• Task goal:
Copy out exactly the lines spanning the line with "Kaffebegrundande över" to the line with "Paul Cerame Kia >>", inclusive, from the data underneath, with no pictures.

• Source material:

+ + + +

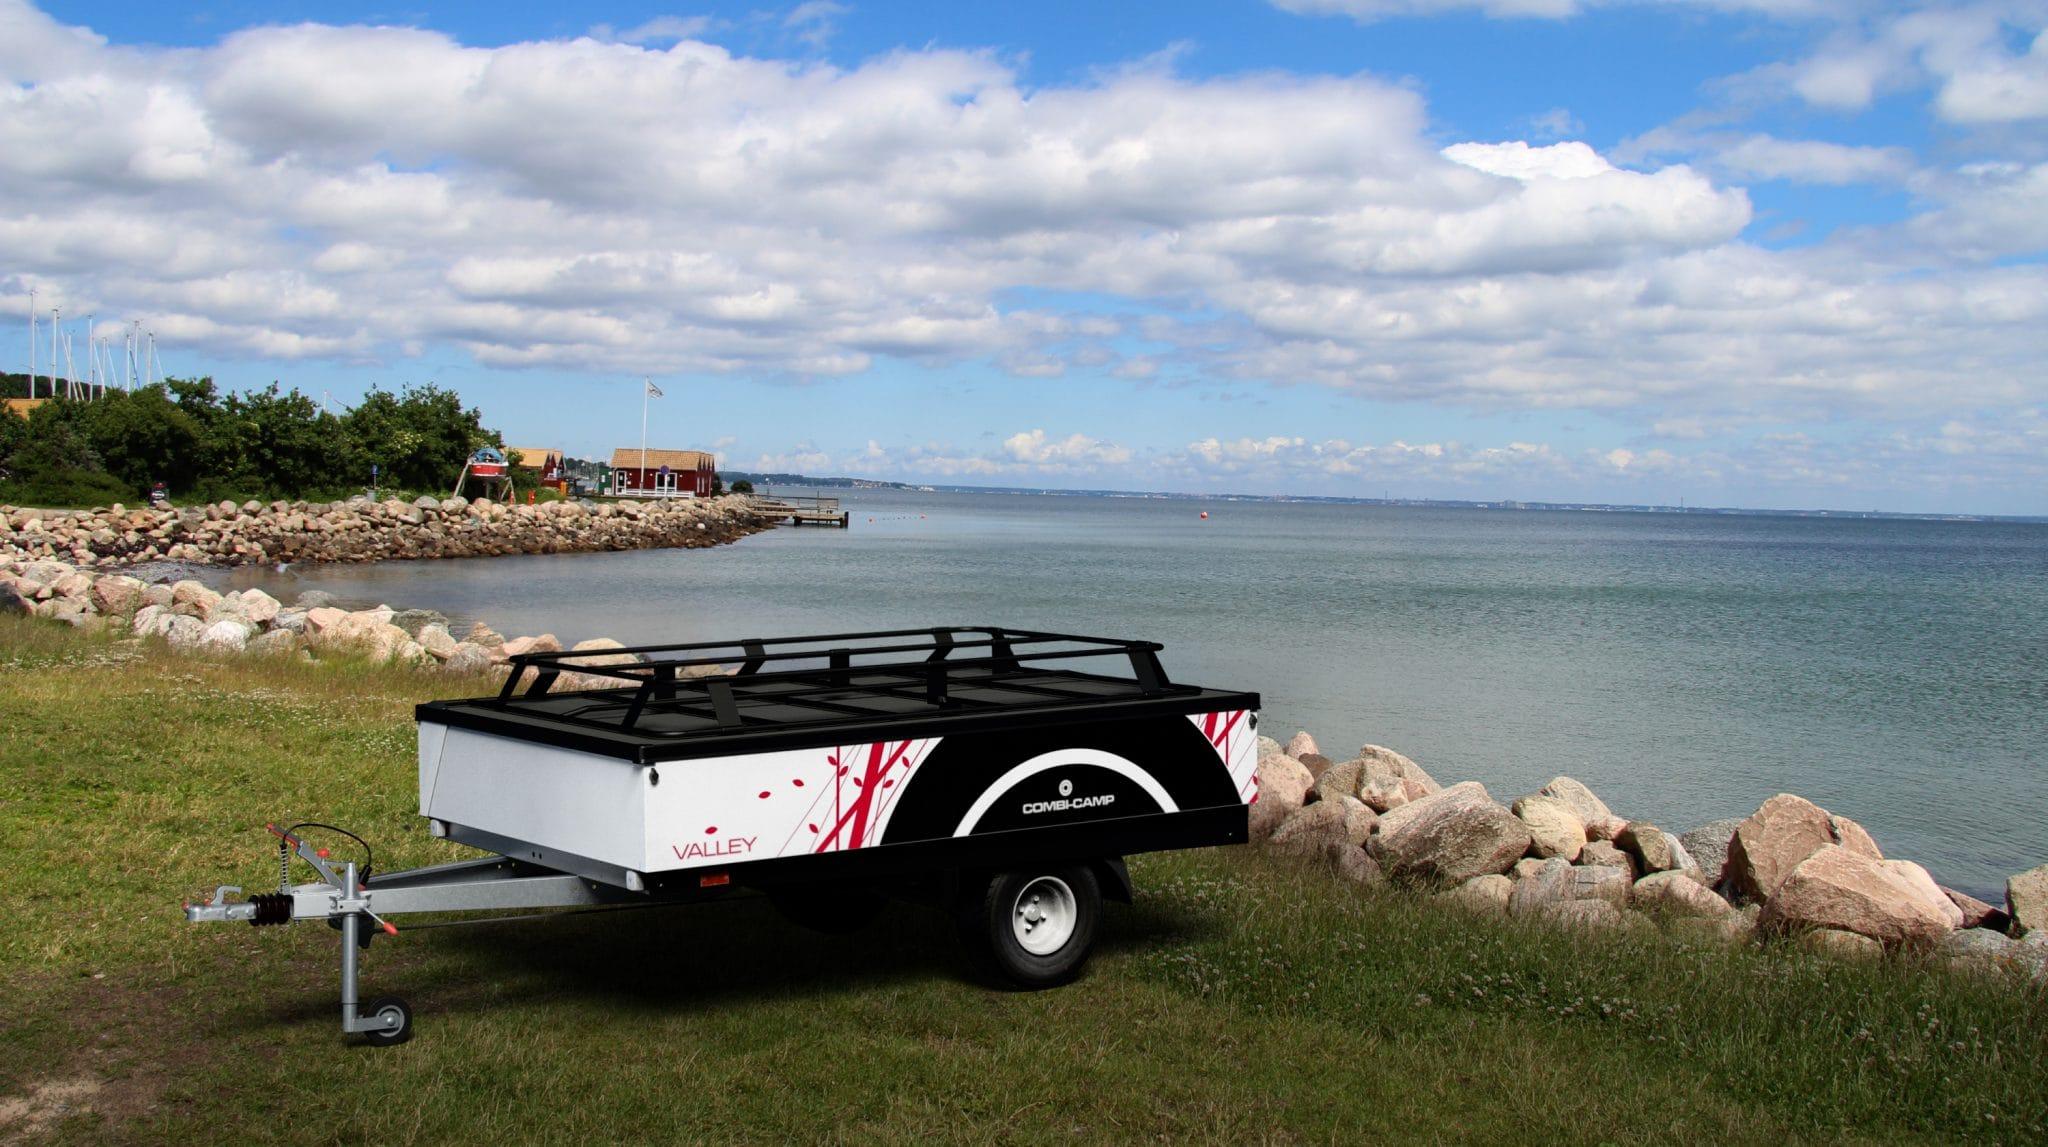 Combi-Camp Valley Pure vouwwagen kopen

+ + + +

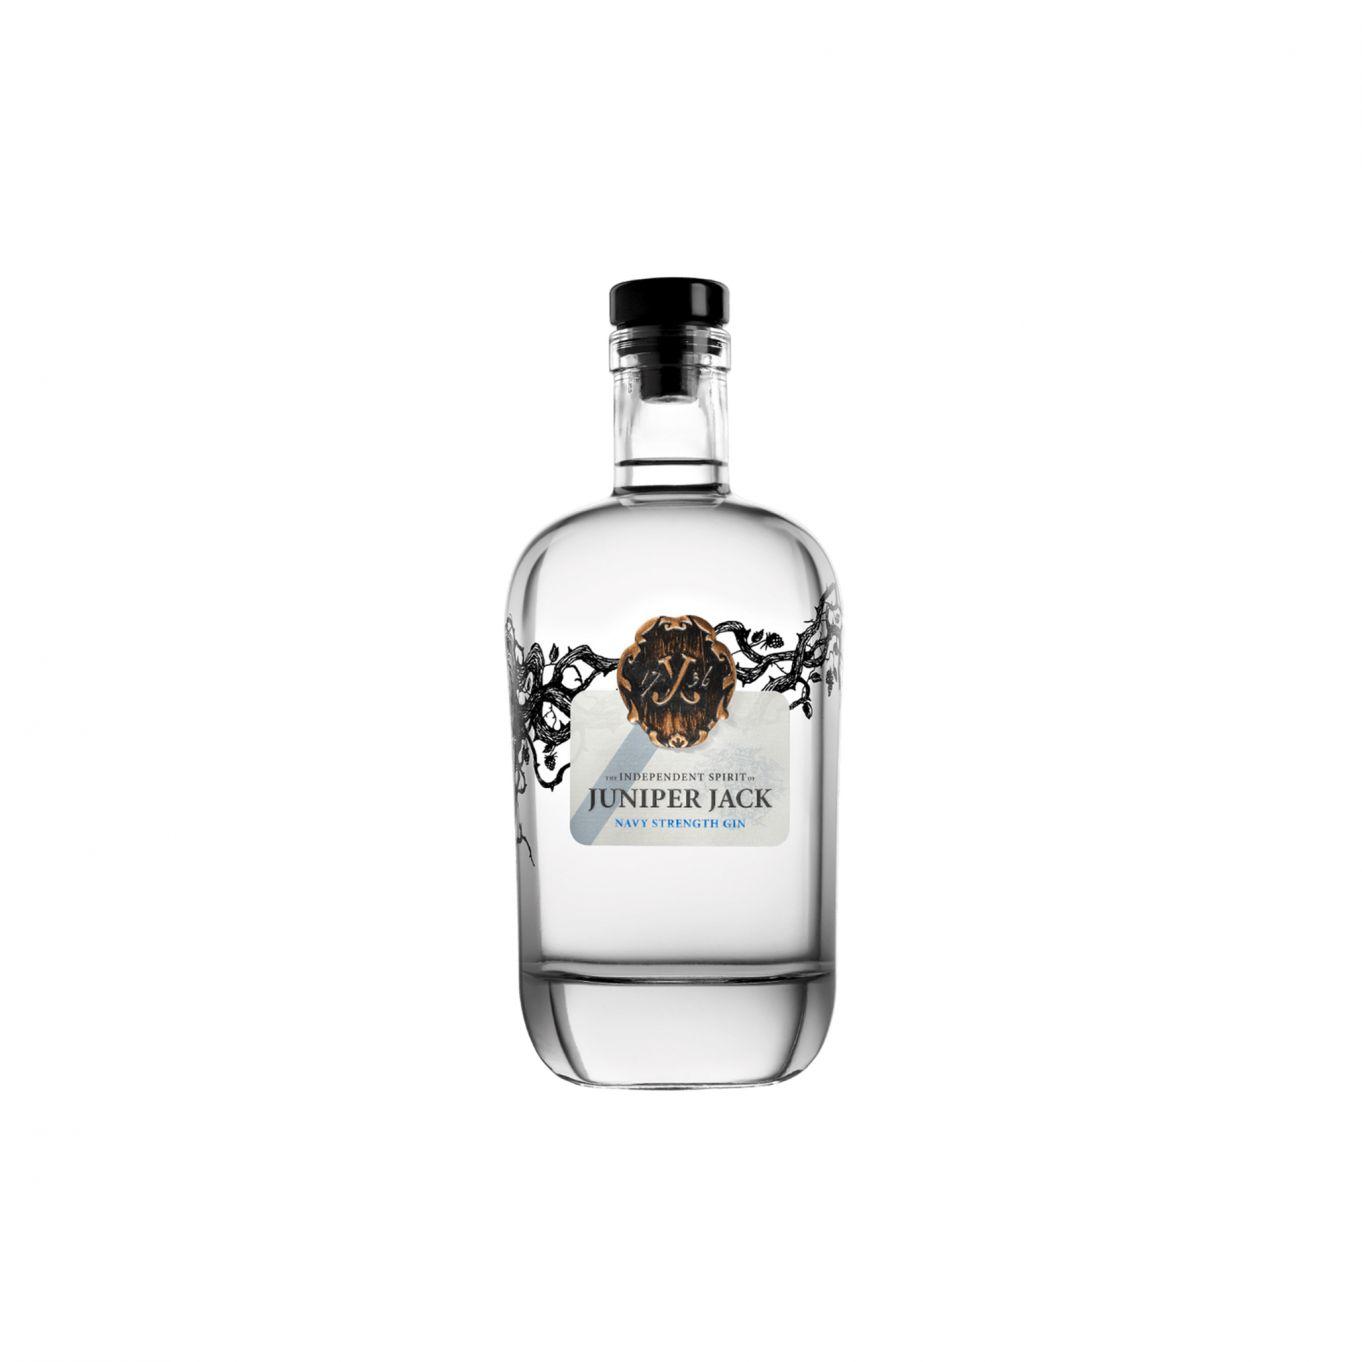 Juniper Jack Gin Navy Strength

+ + + +

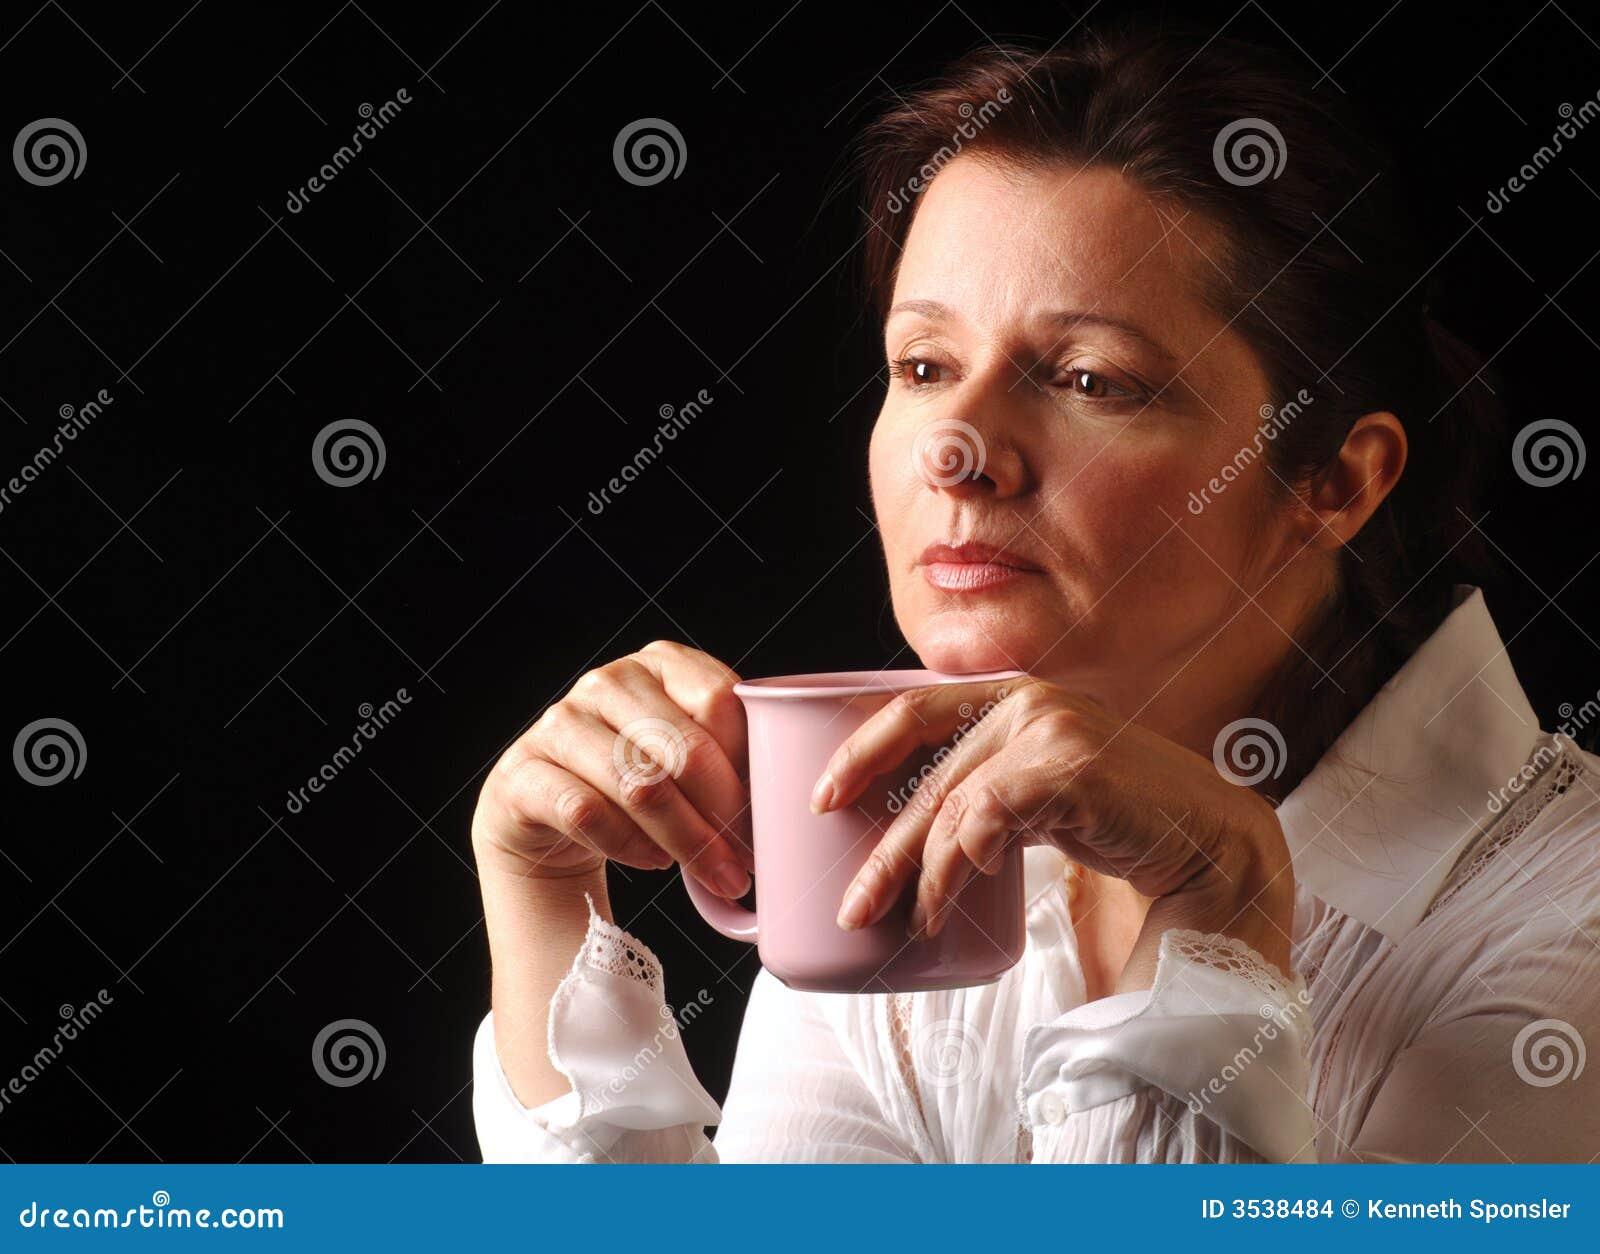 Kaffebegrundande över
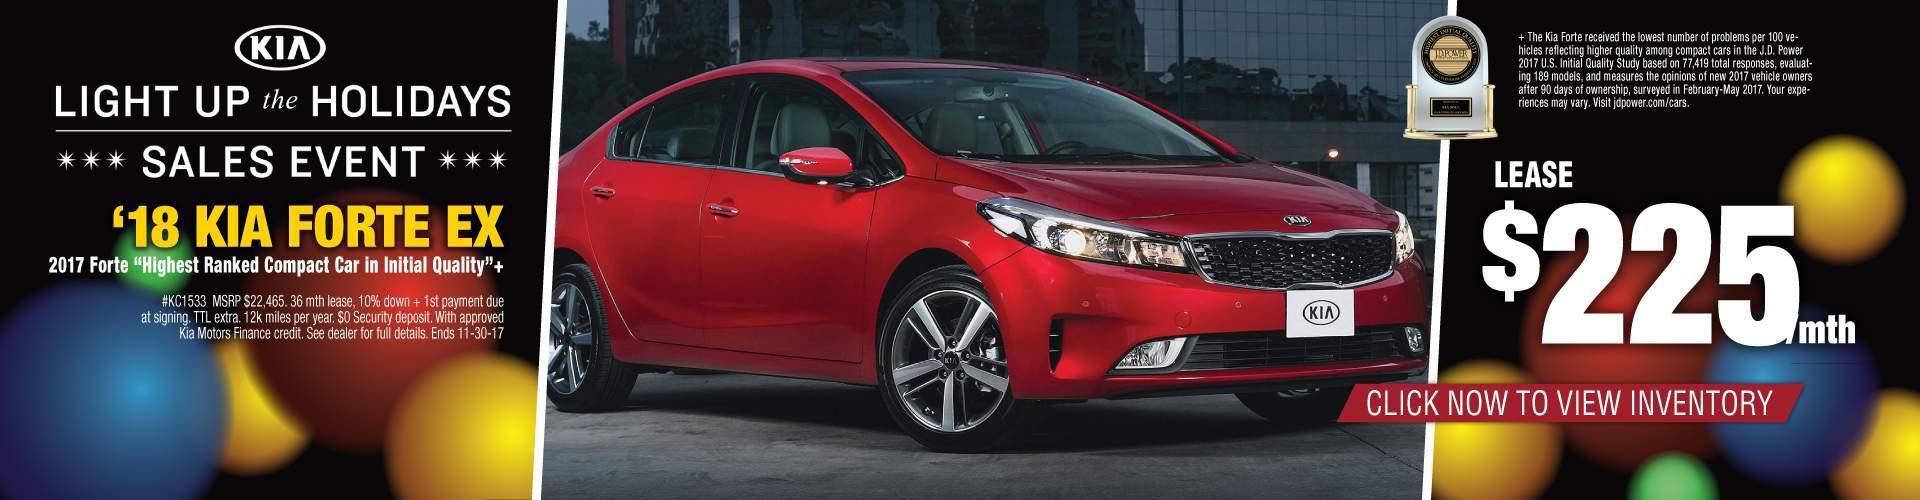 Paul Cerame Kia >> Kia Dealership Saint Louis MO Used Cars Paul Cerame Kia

+ + + +

• Written reply:
 Kaffebegrundande över
 Paul Cerame Kia >> Kia Dealership Saint Louis MO Used Cars Paul Cerame Kia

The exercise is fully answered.